## Exercise brief:
Look in the material below for the line with "breaking bad heisenberg" and the line with "Bedroom, Bed, Storage, Shelves, Ceiling", then set down exactly those two lines and all lines between, nothing more.

## Provided data:
################

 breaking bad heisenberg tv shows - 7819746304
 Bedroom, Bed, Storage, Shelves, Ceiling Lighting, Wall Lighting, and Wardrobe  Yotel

################

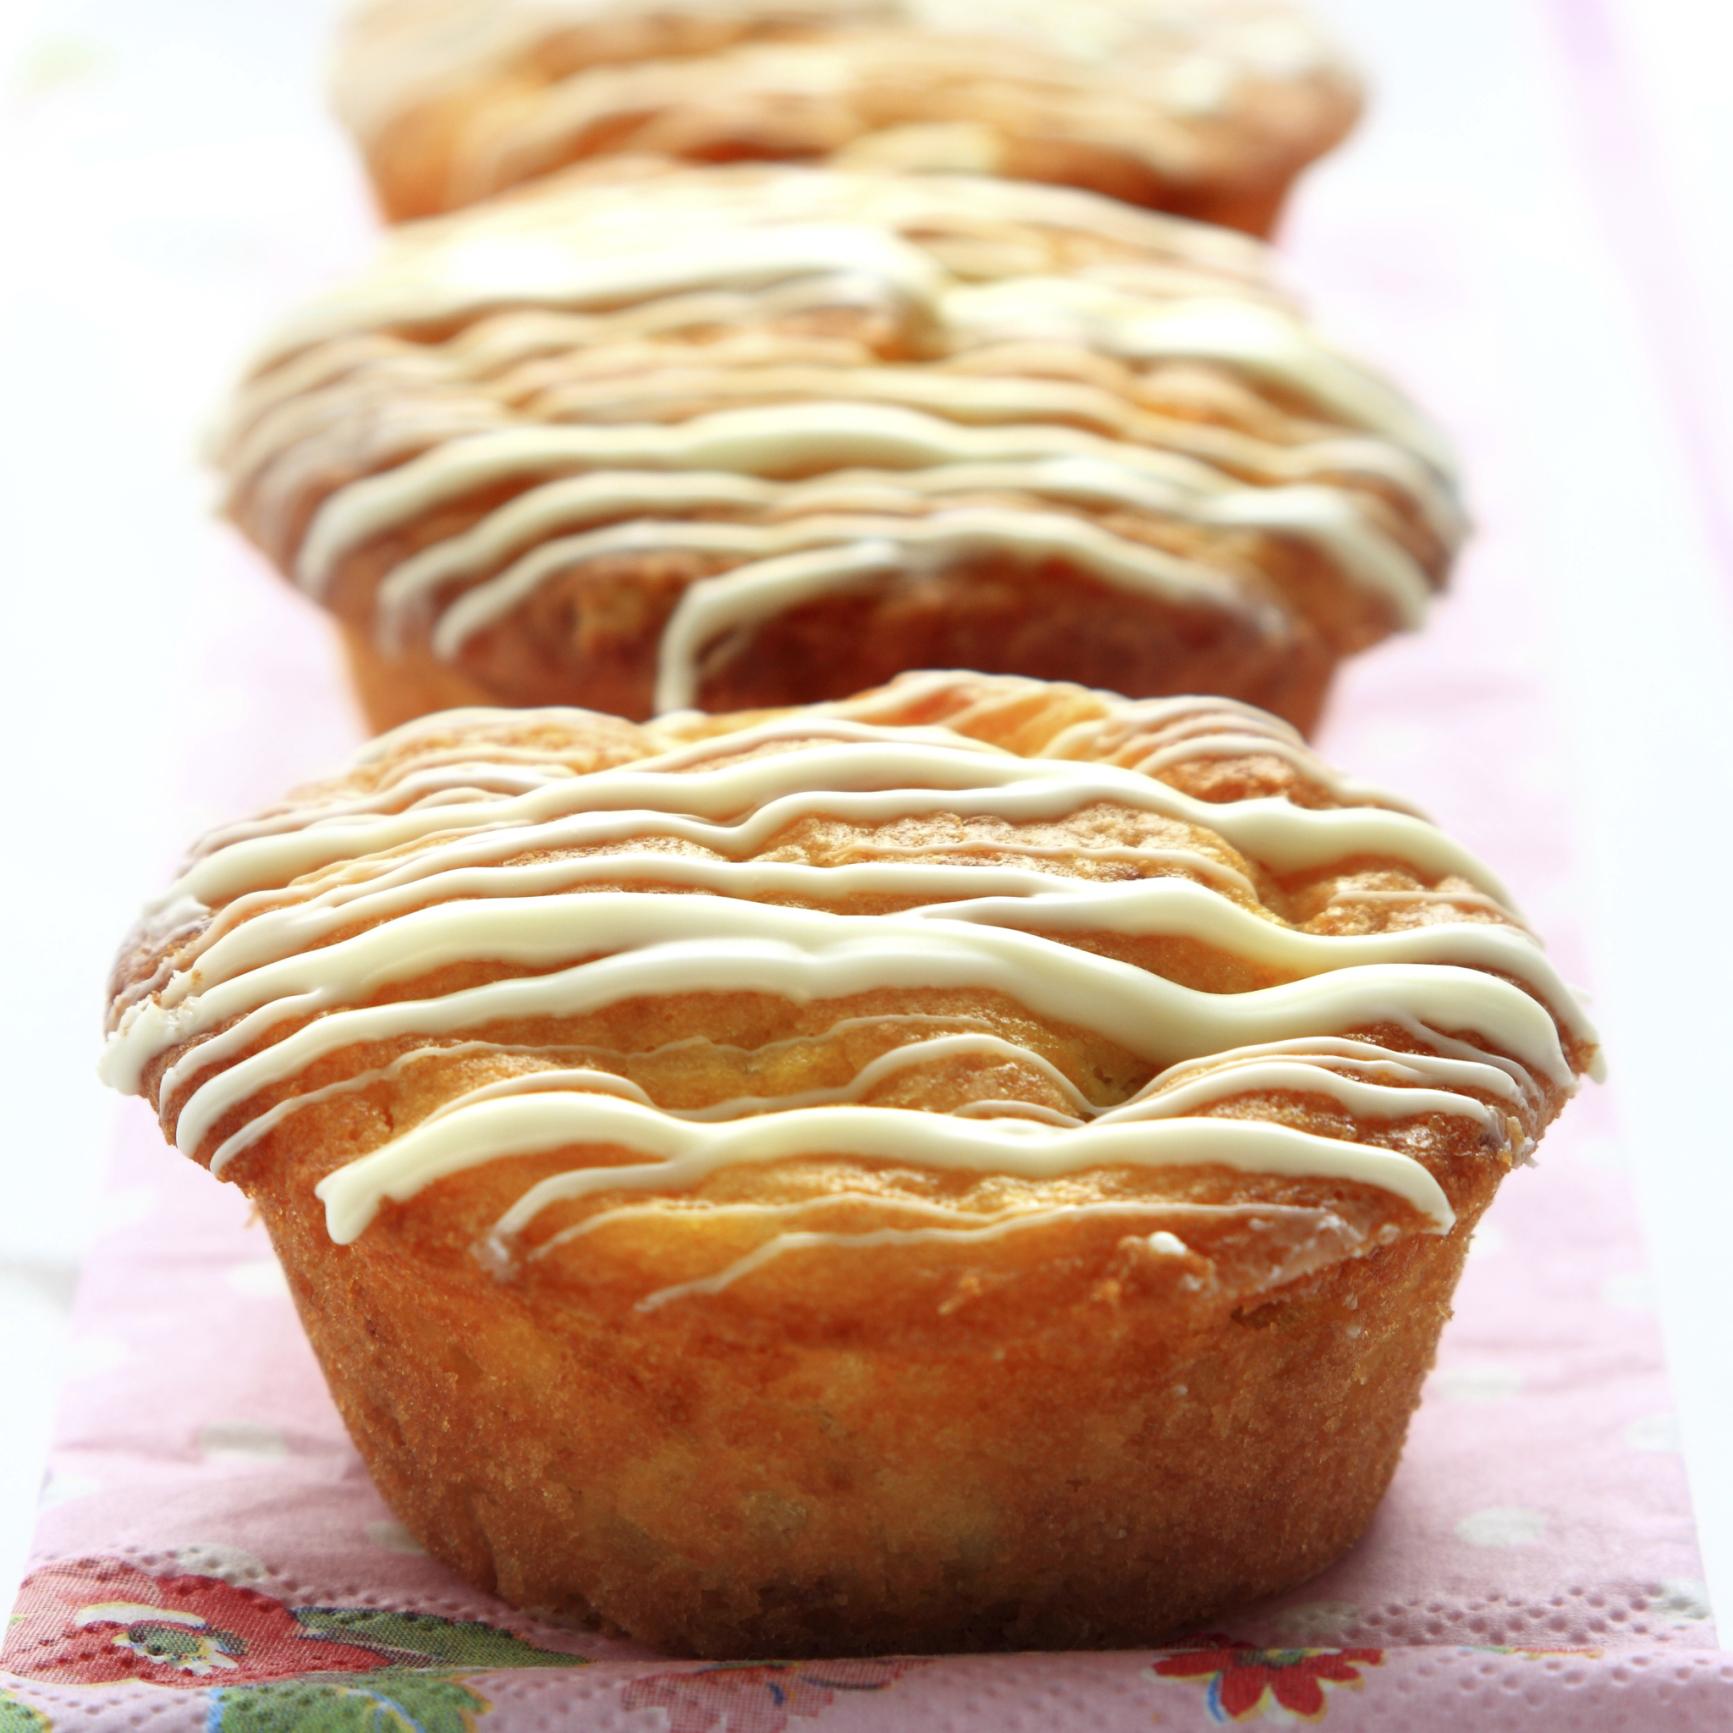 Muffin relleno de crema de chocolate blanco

################

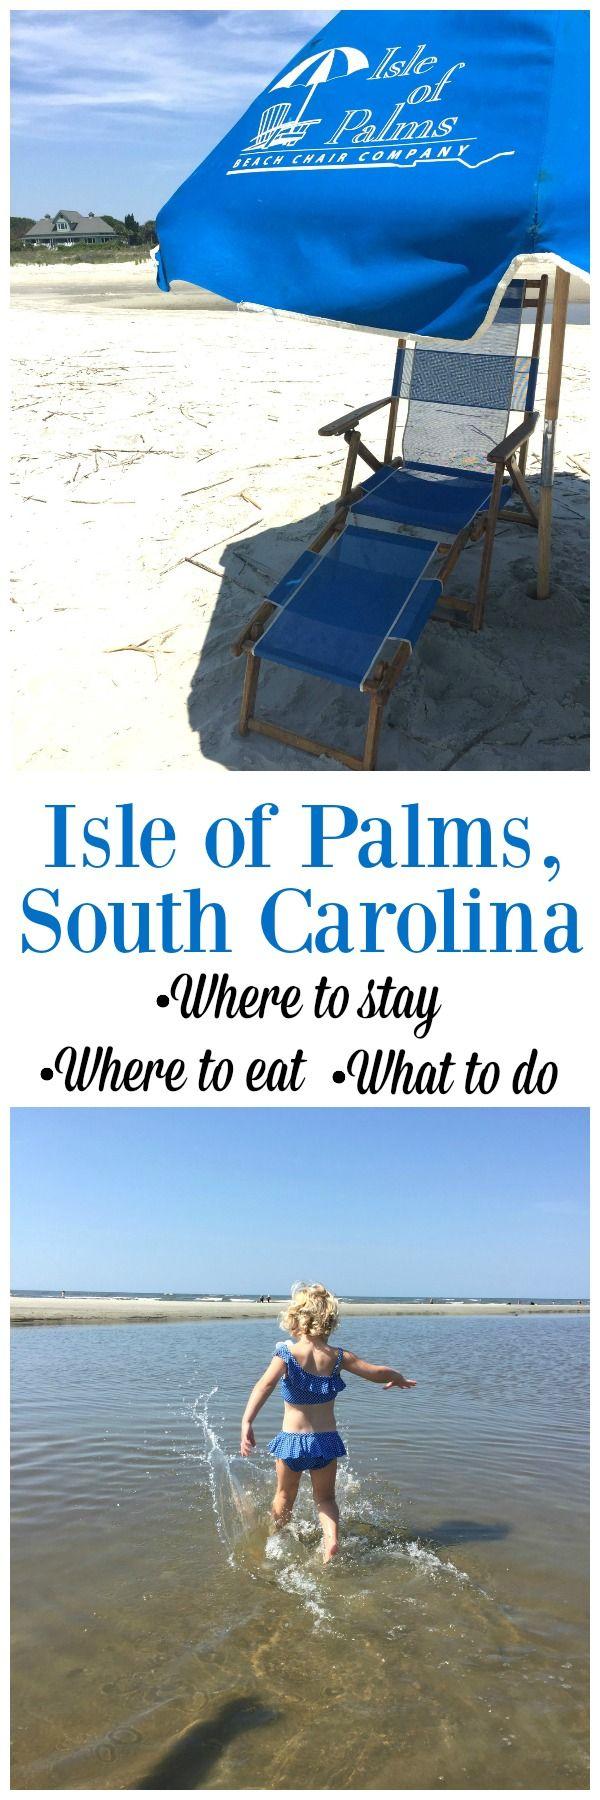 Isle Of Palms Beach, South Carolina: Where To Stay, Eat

################

## Answer to the problem:
 breaking bad heisenberg tv shows - 7819746304
 Bedroom, Bed, Storage, Shelves, Ceiling Lighting, Wall Lighting, and Wardrobe  Yotel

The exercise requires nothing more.